La concesión del asilo ha desatado un intercambio inusualmente virulento entre Uribe, el Presidente de la Corte Suprema de Justicia, Jaime Arrubla, y el Procurador General de la Nación, Alejandro Ordóñez. Según Arrubla, que comete así la grave imprudencia de vulnerar la presunción de inocencia de Hurtado, "Panamá protegió al victimario, no a la víctima". La respuesta de Uribe no se hizo esperar. Denunció la "persecución" contra sus "compañeros" y las "imputaciones basadas en testigos con comprobada capacidad de mentir". Y, en un intento fallido para calmar las aguas, el procurador Ordóñez ha sugerido al ex presidente que se lea "con calma y sin apasionamientos los sólidos argumentos de los fallos de destitución […] de sus subalternos".

El propio Santos, que se había cuidado hasta ahora de intervenir en el debate, se ha bajado a la arena para defender el sistema judicial y, de paso, ratificar públicamente su "admiración" por su antiguo jefe. Esa reválida de la adhesión a su mentor político es una señal destinada a los que sueñan con una ruptura entre los dos hombres. Hasta hace poco, los enemigos de Uribe eran también los de Santos. En la campaña electoral, la inmensa mayoría de los intelectuales y de los columnistas apostaron por Antanas Mockus, el candidato del Partido Verde. No dudaron entonces en descalificar a Santos, tildado de "fotocopia" de Uribe. Su victoria holgada, con el 69% de los votos, y su buen talante, muy alejado de la inflexibilidad de su antecesor, han desarmado a sus adversarios.

Con esa picardía que caracteriza al adicto al póquer, Santos ha escenificado varios golpes de efecto que han deslumbrado a la oposición. Antes incluso de tomar posesión, el nuevo presidente buscó la reconciliación con el poder judicial, que tenía una pésima relación con su antecesor y la sigue teniendo. Luego, se reunió con Hugo Chávez apenas unos días después de que Uribe hubiera denunciado ante la comunidad internacional la existencia de varios campamentos en Venezuela de las Fuerzas Armadas Revolucionarias Colombianas (FARC), que se beneficiaban de la protección de las autoridades del país vecino. Y, ahora, Santos apoya el proyecto de ley de reparación a las víctimas, que permitirá la restitución a los campesinos de las tierras expoliadas.

Ninguna de esas iniciativas ha gustado a los uribistas de hueso colorado y, menos aún, el inmerecido piropo de Santos a Chávez —"mi mejor nuevo amigo"—, que no acaba de creérselo pero hace como si fuera cierto. Esa pantomima, en cambio, ha sido bien recibida en el campo antiuribista, que afila los cuchillos contra el ex presidente, supuestamente abandonado por su sucesor. Algunos ya se imaginan a Uribe tras las rejas, como ocurrió con Alberto Fujimori en Perú. O, si no logran criminalizar al presidente que machacó durante ocho años a las FARC y restableció la "seguridad democrática" en casi todo el país, entonces intentarán mandarlo al exilio en alguna tierra lejana, como pasó con Carlos Salinas.
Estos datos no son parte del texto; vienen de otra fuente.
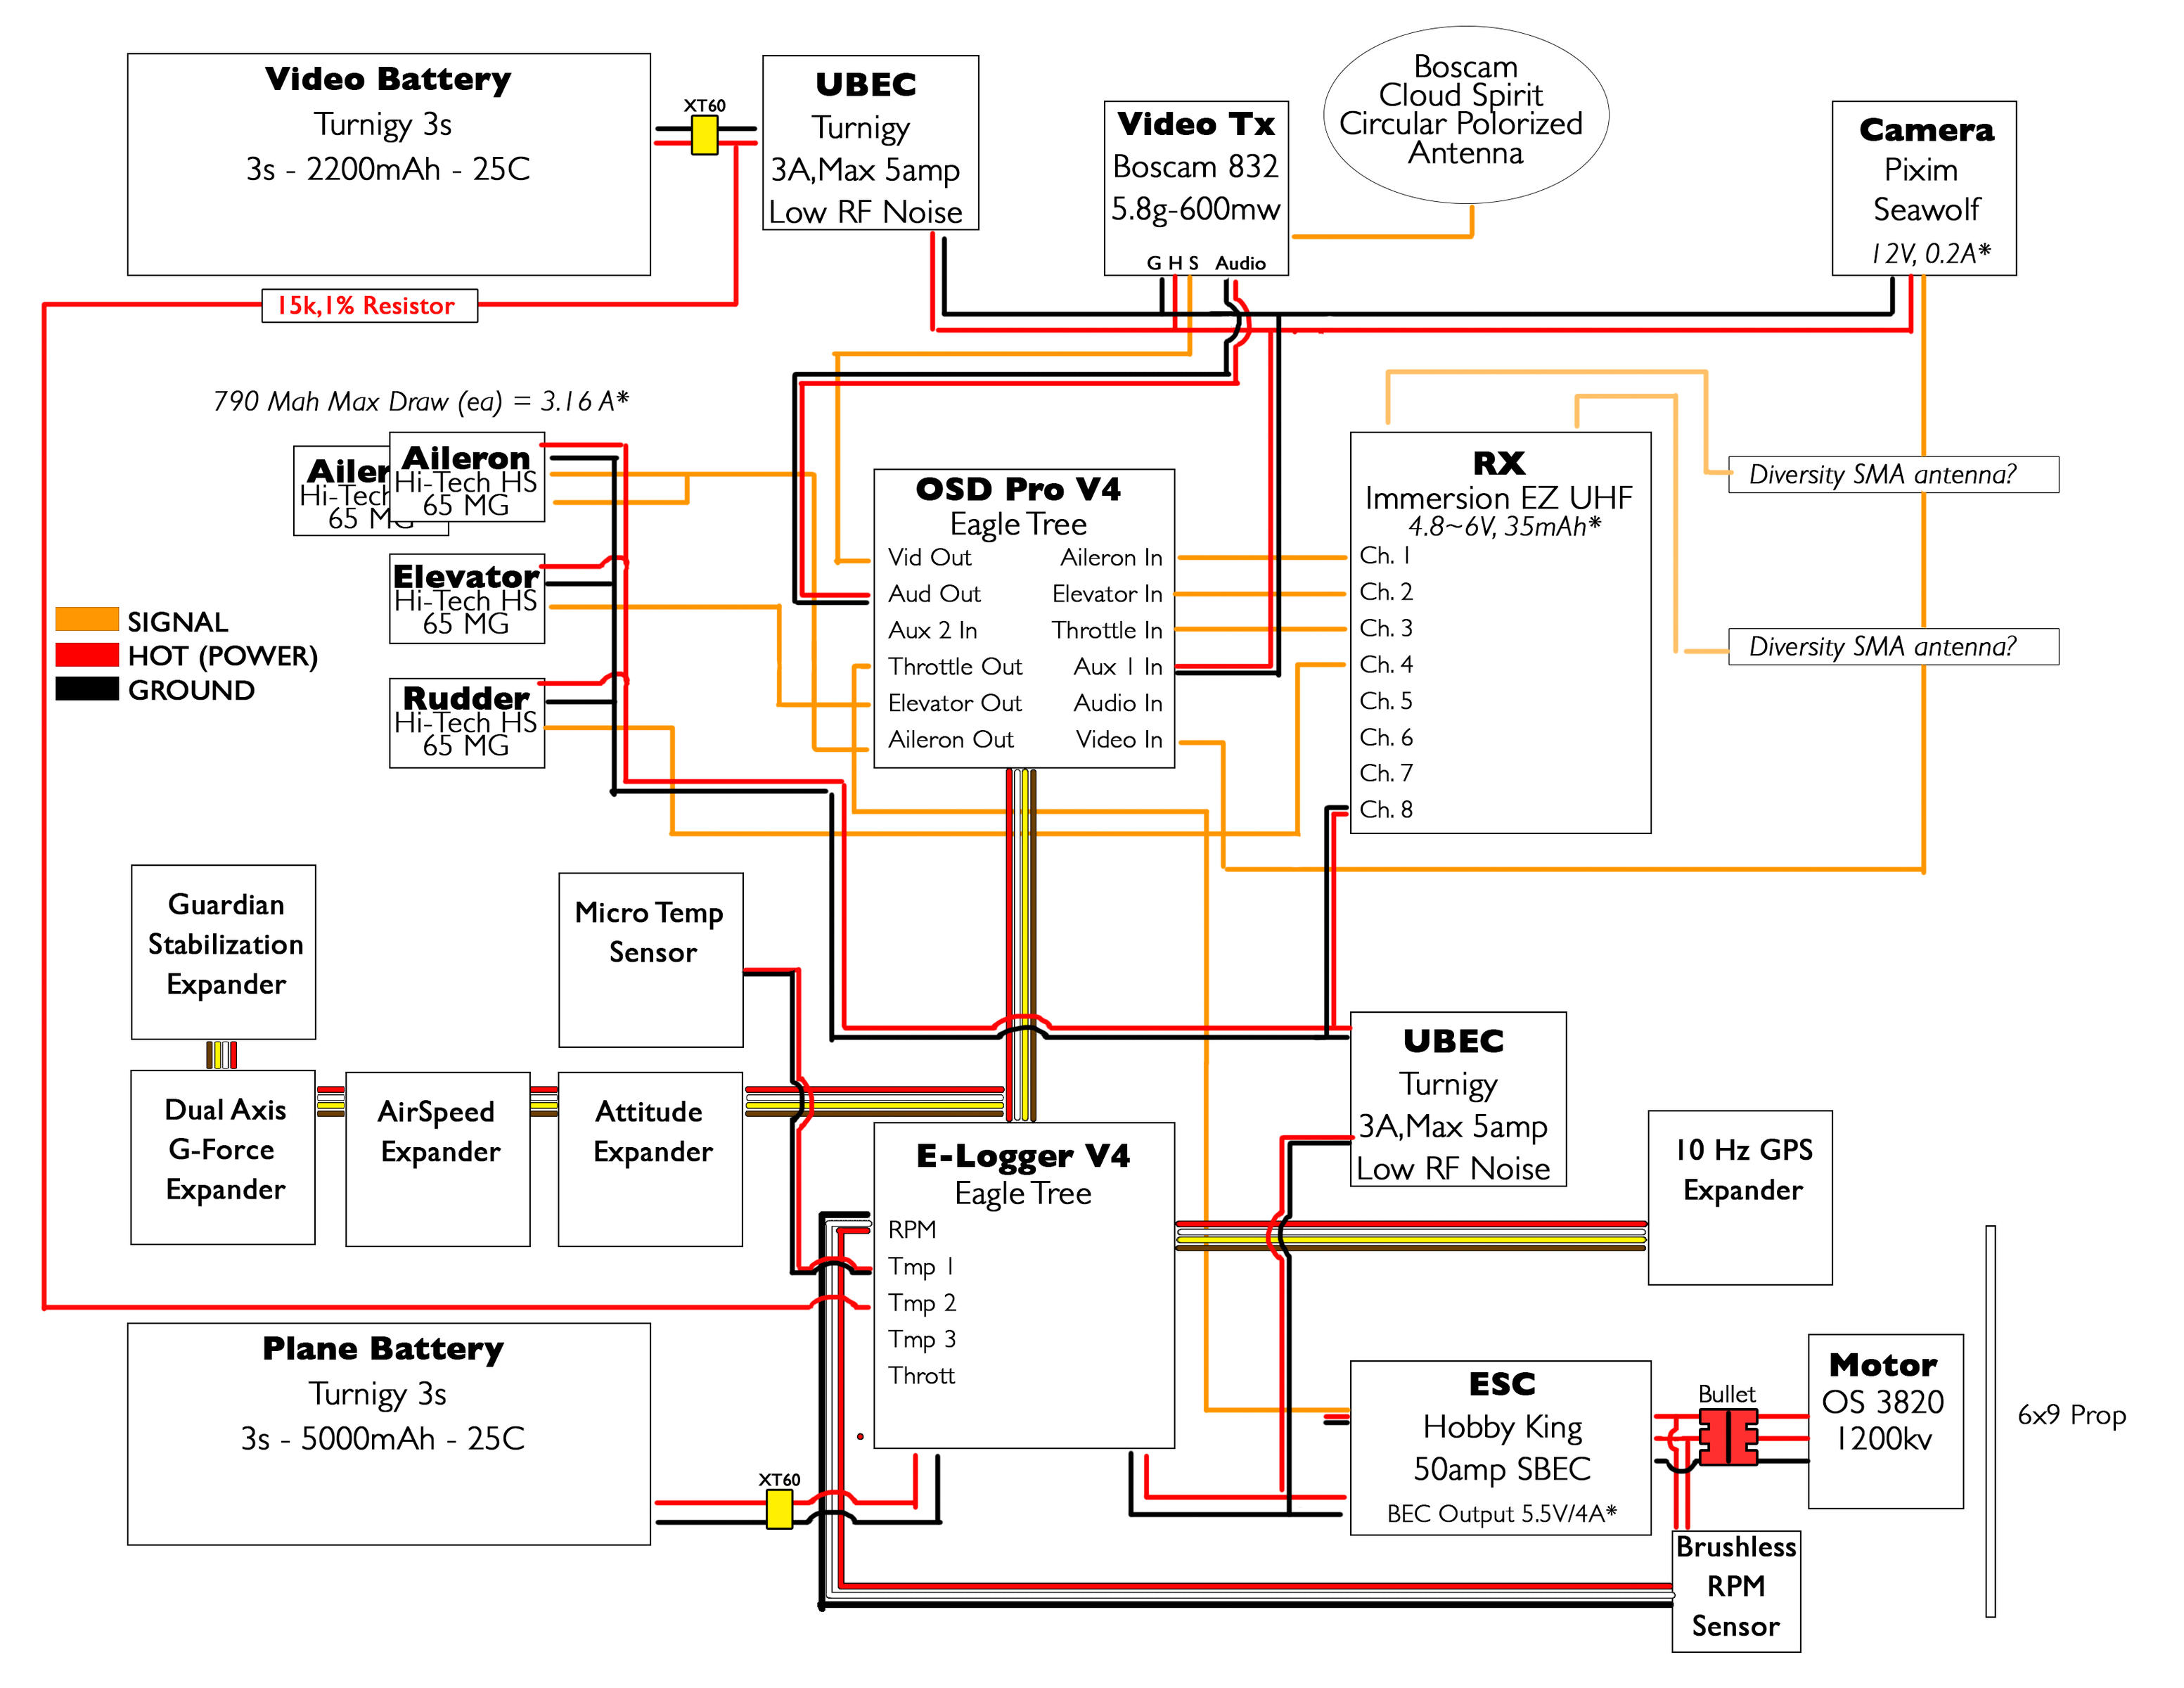 harris m7300 wiring diagram harris maestro console wiring harris pool pump wiring  diagram harris flotebote wiring diagram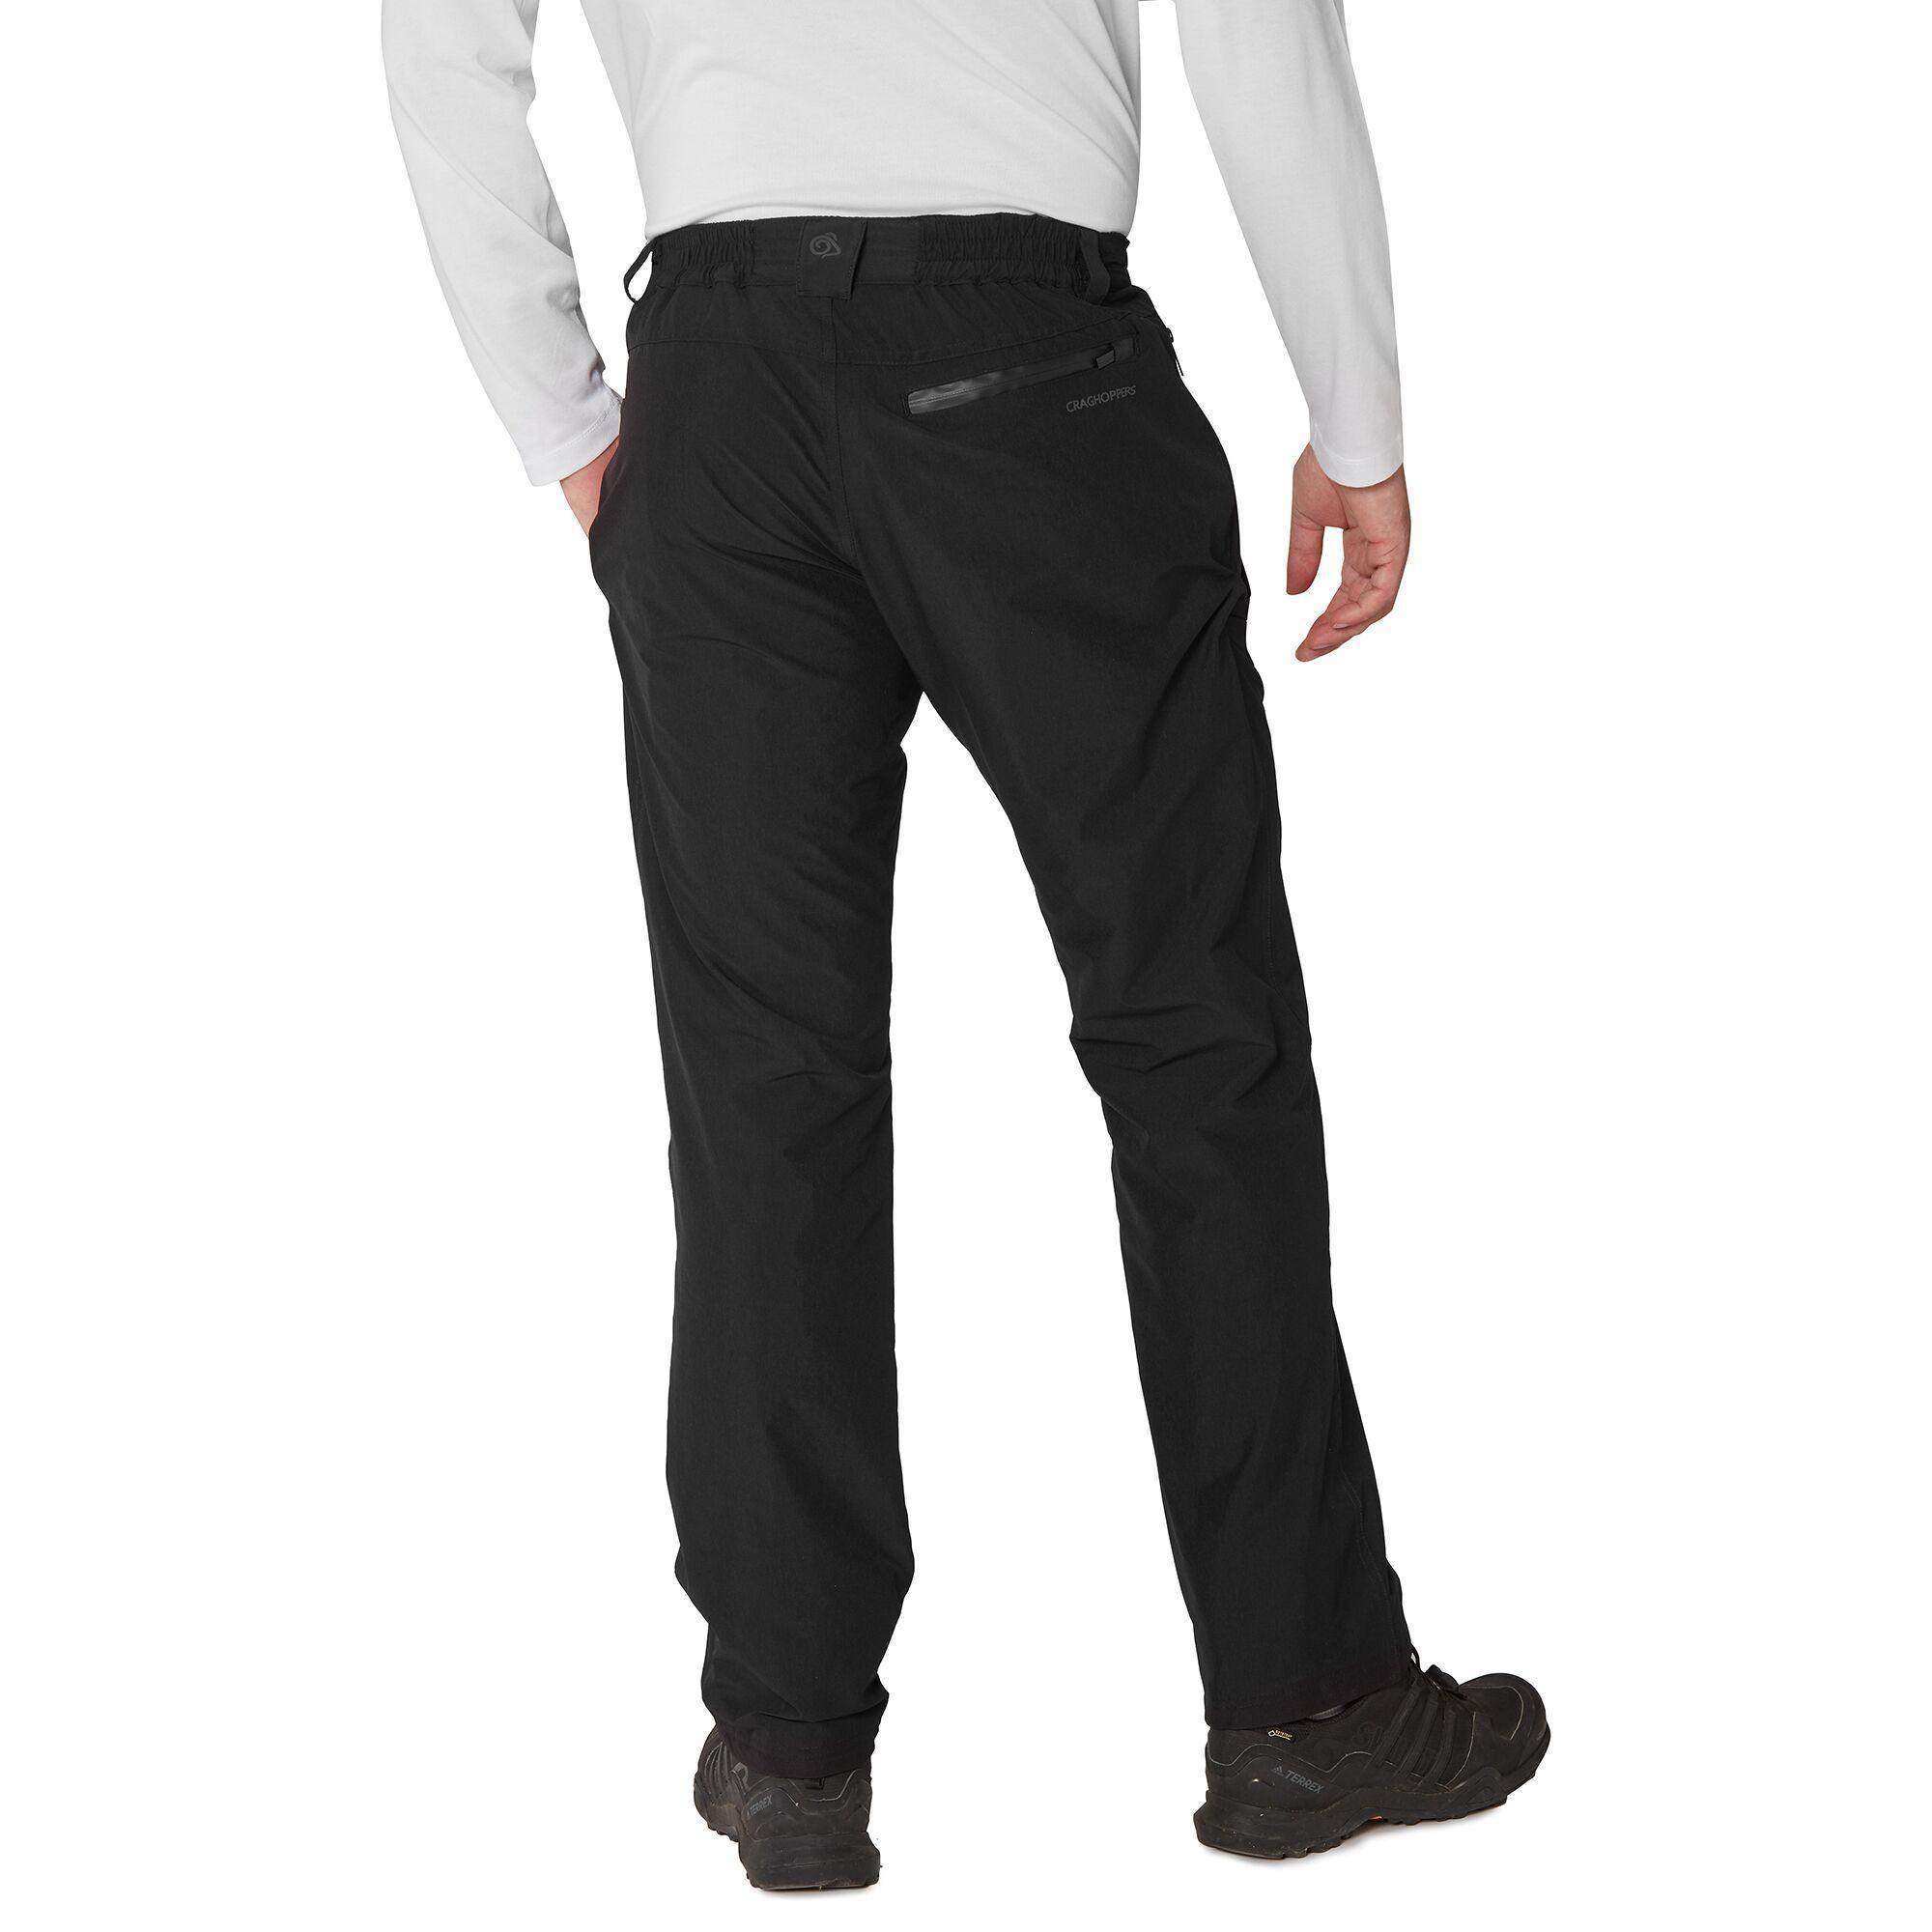 Craghoppers Mens Kiwi Pro Waterproof Trousers

Lo más probable, sin embargo, es que nada de eso suceda. Santos es un pragmático a ultranza, con mucha mano izquierda para minimizar las divergencias, pero tiene los mismos objetivos que Uribe: acabar de una vez por todas con las FARC para dedicar todos los esfuerzos al desarrollo de un país que no ha podido hasta ahora aprovechar su enorme potencial humano y sus cuantiosos recursos naturales.